*** Block opens ***
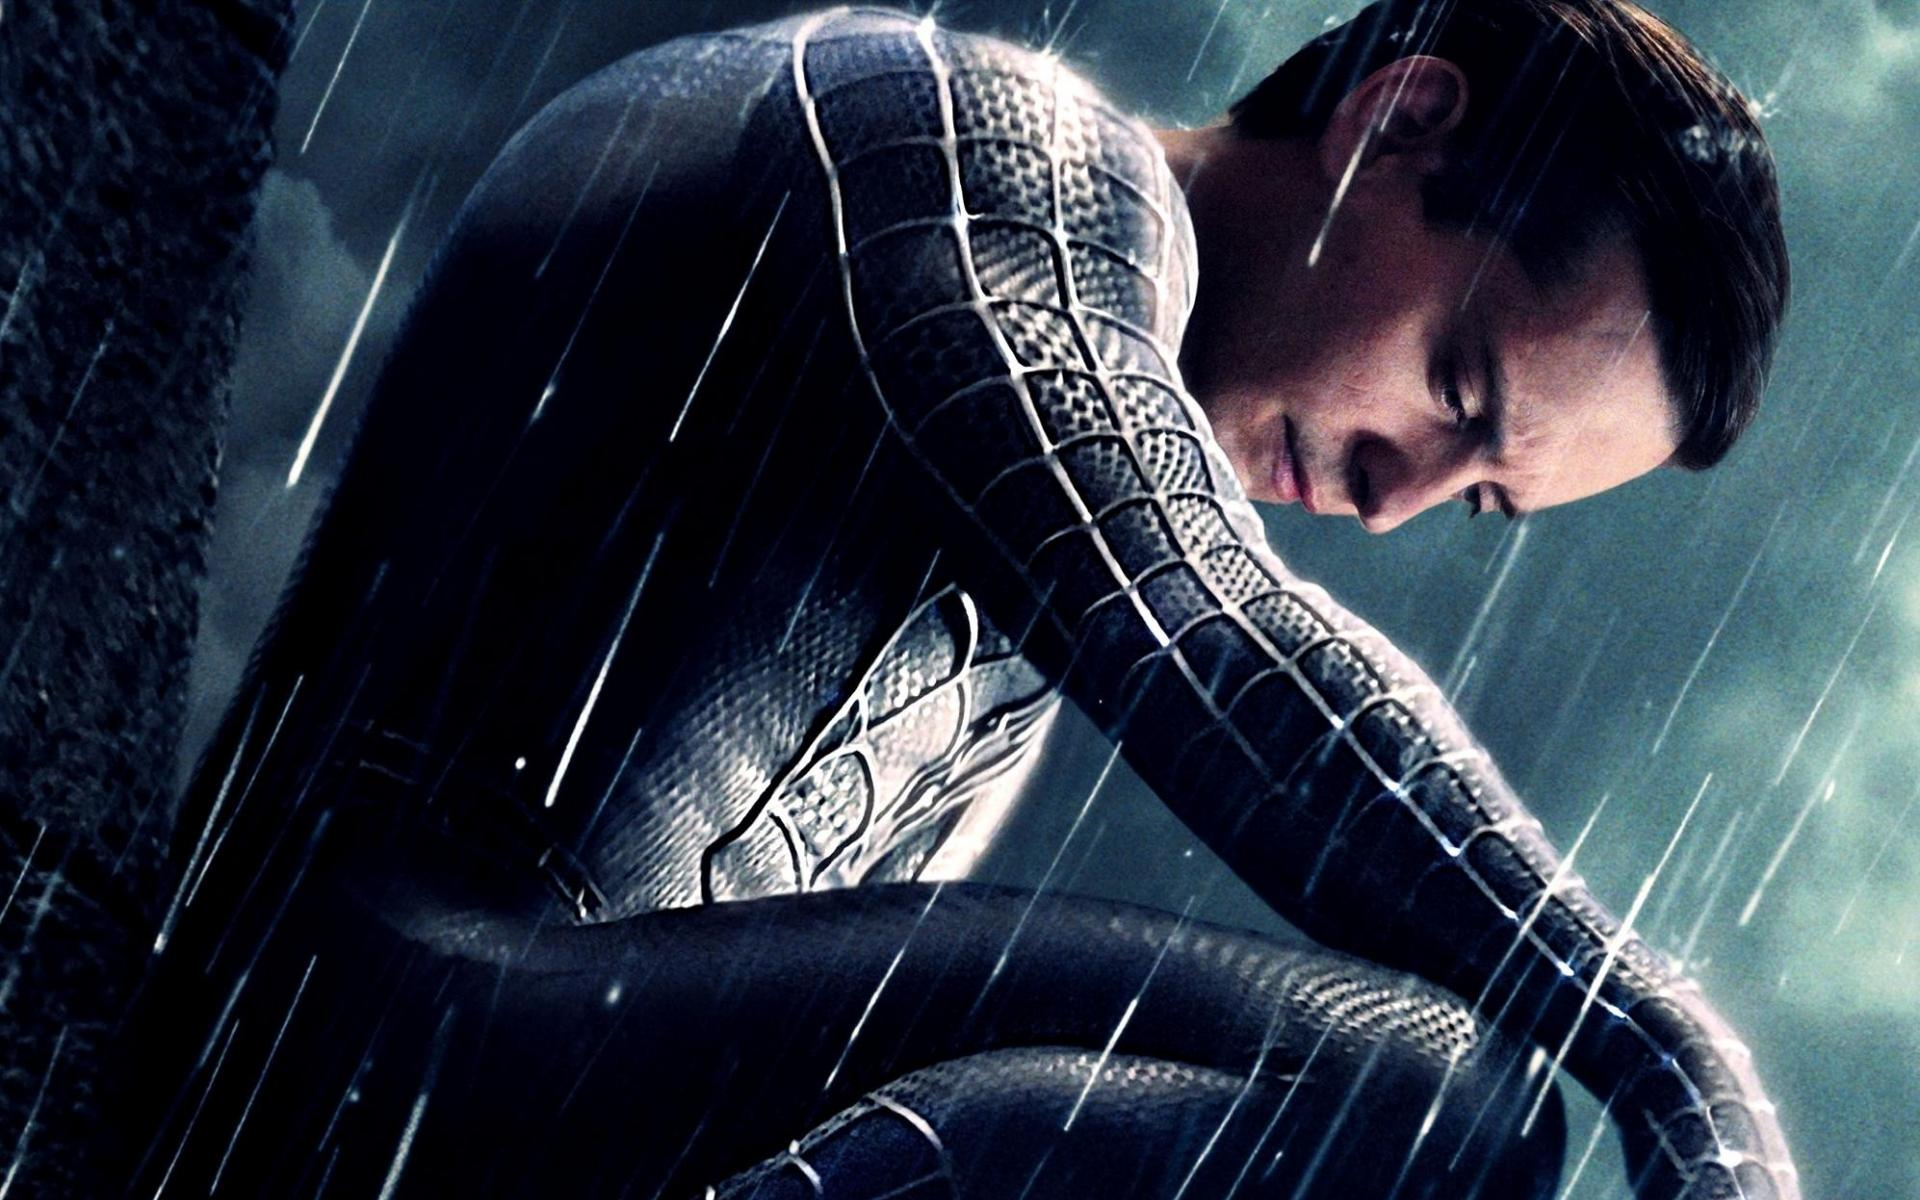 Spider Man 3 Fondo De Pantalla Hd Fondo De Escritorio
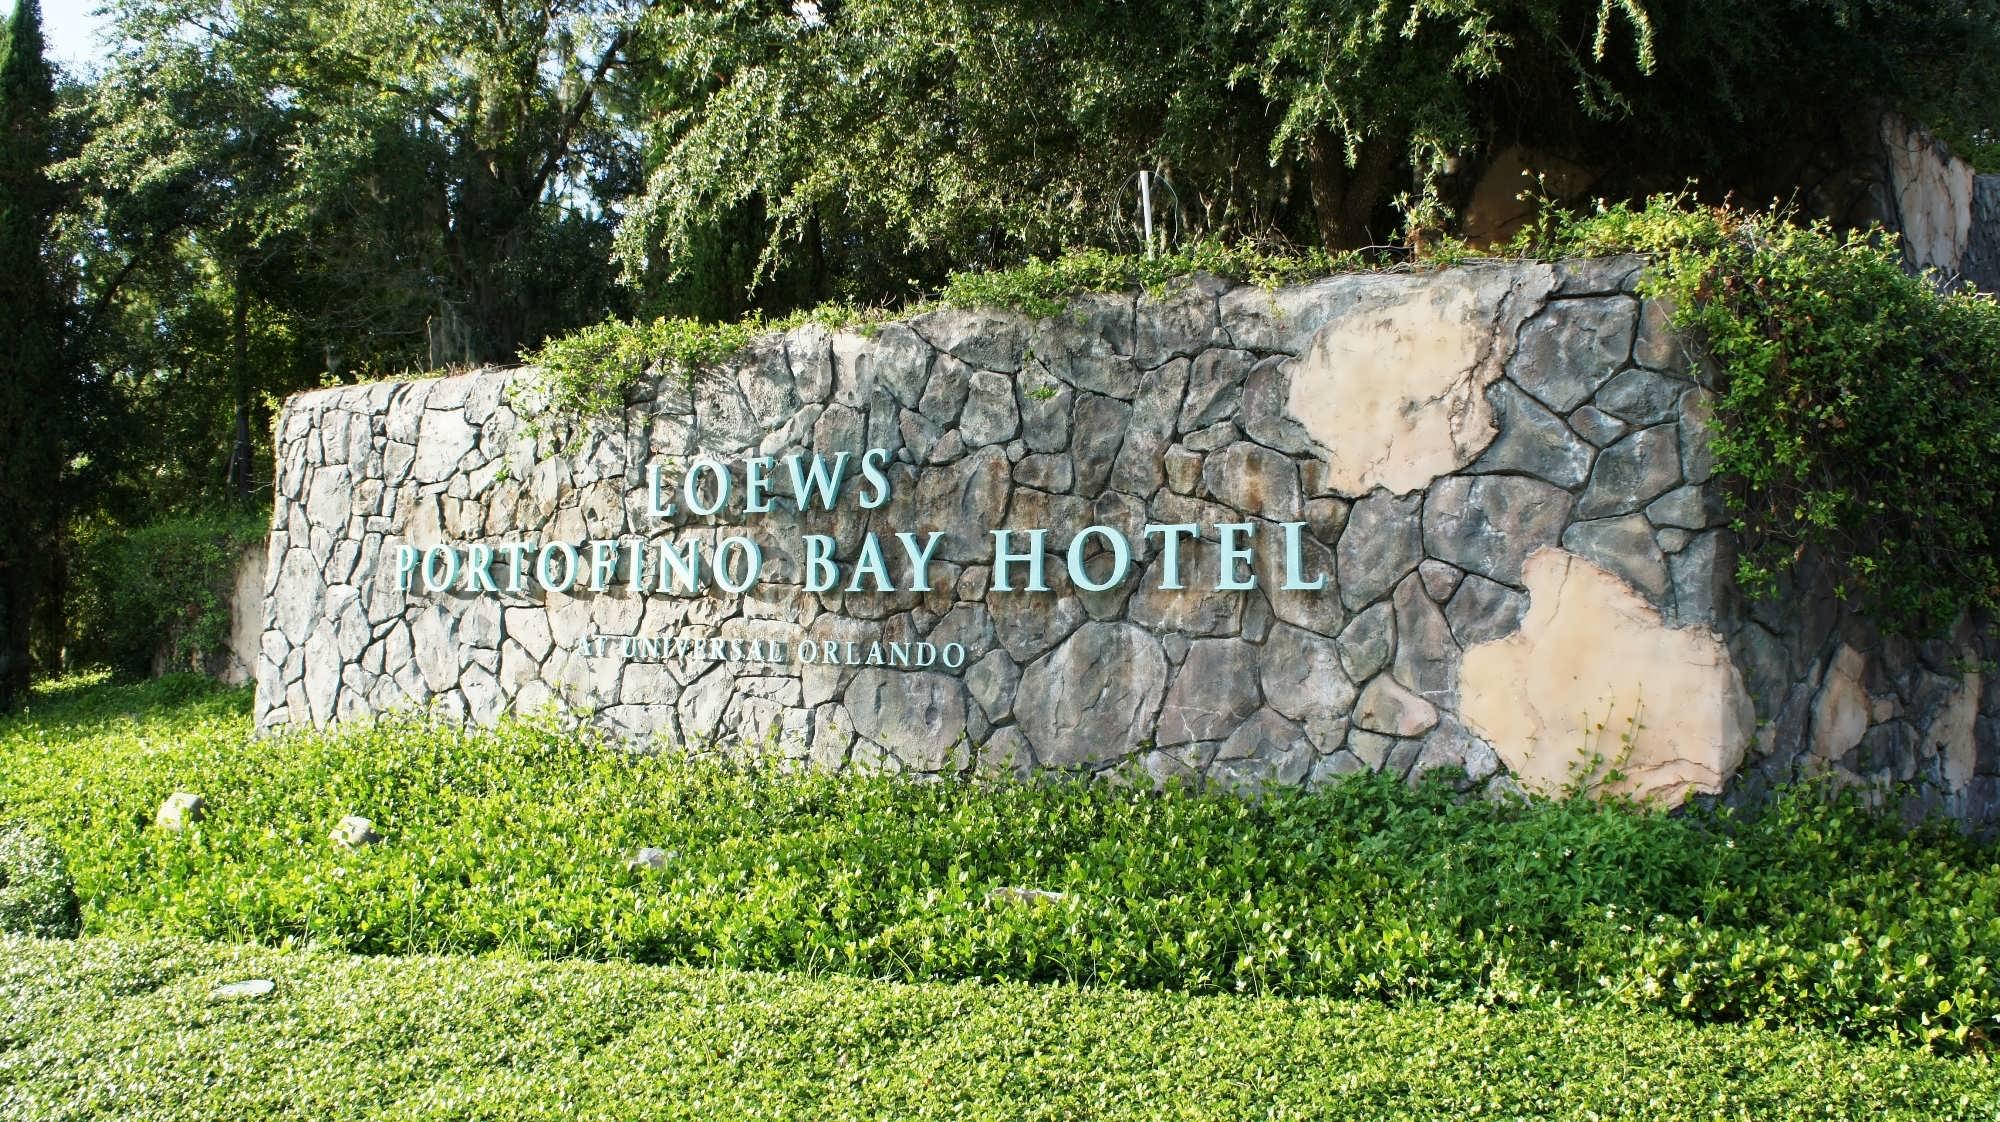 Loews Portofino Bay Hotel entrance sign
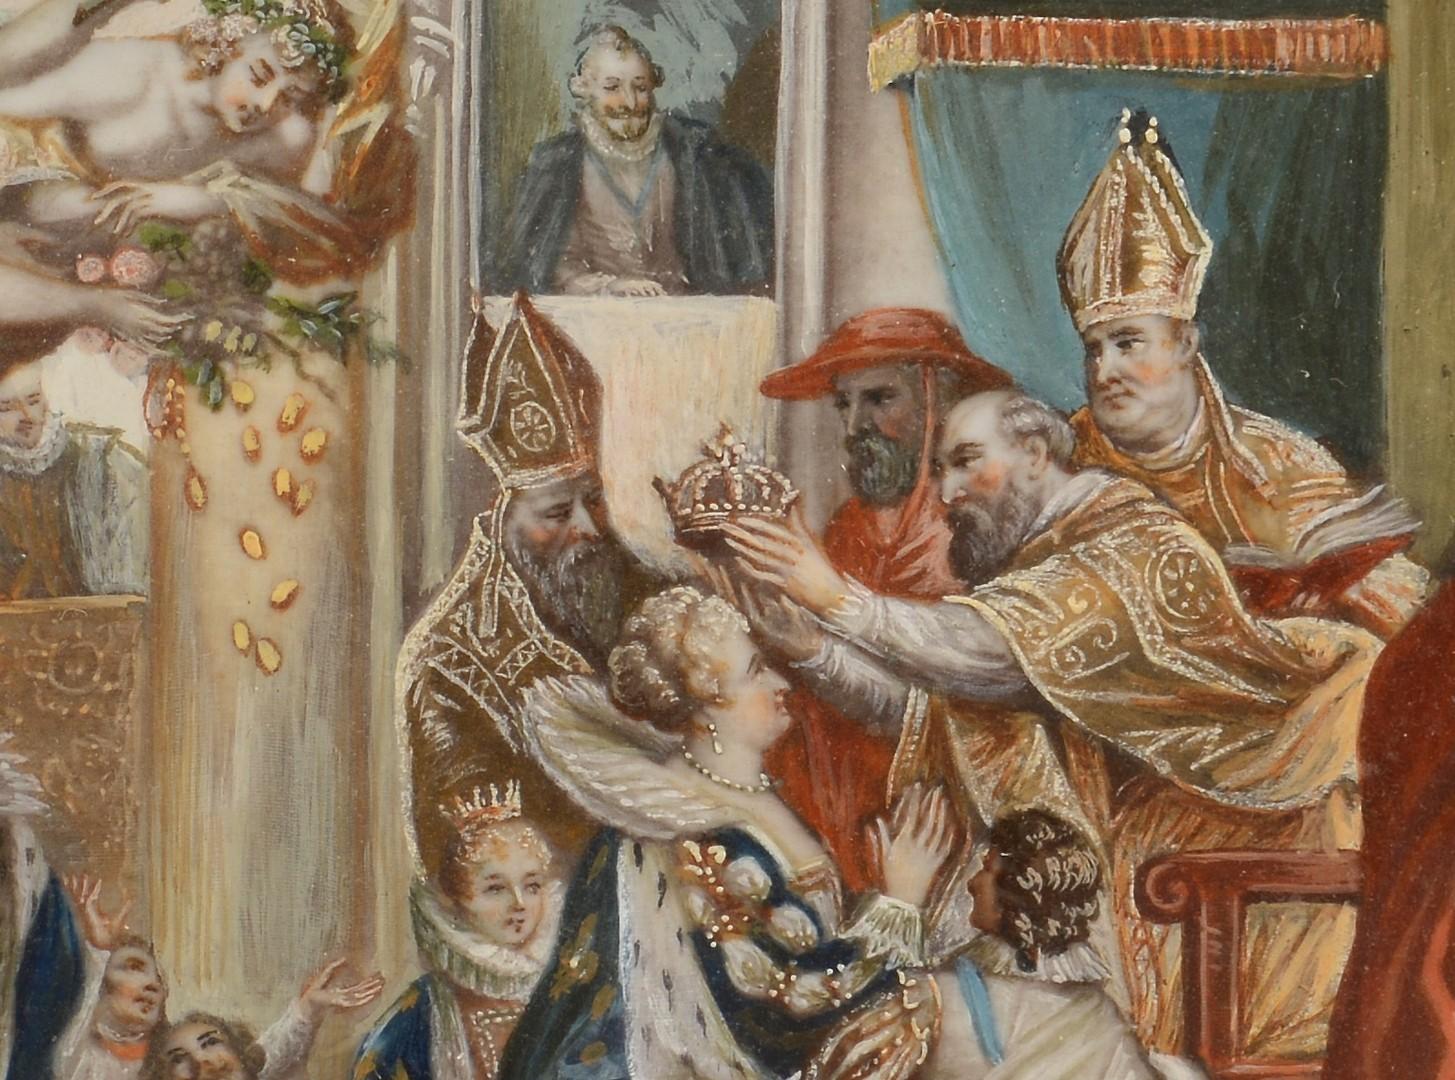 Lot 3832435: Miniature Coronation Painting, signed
*** Block closes ***
TASK BRIEF: Word for word, reproduce the material above and omit each image.

SOLUTION FOR THIS PROBLEM:
 Spider Man 3 Fondo De Pantalla Hd Fondo De Escritorio
 Loews Portofino Bay Hotel entrance sign
 Lot 3832435: Miniature Coronation Painting, signed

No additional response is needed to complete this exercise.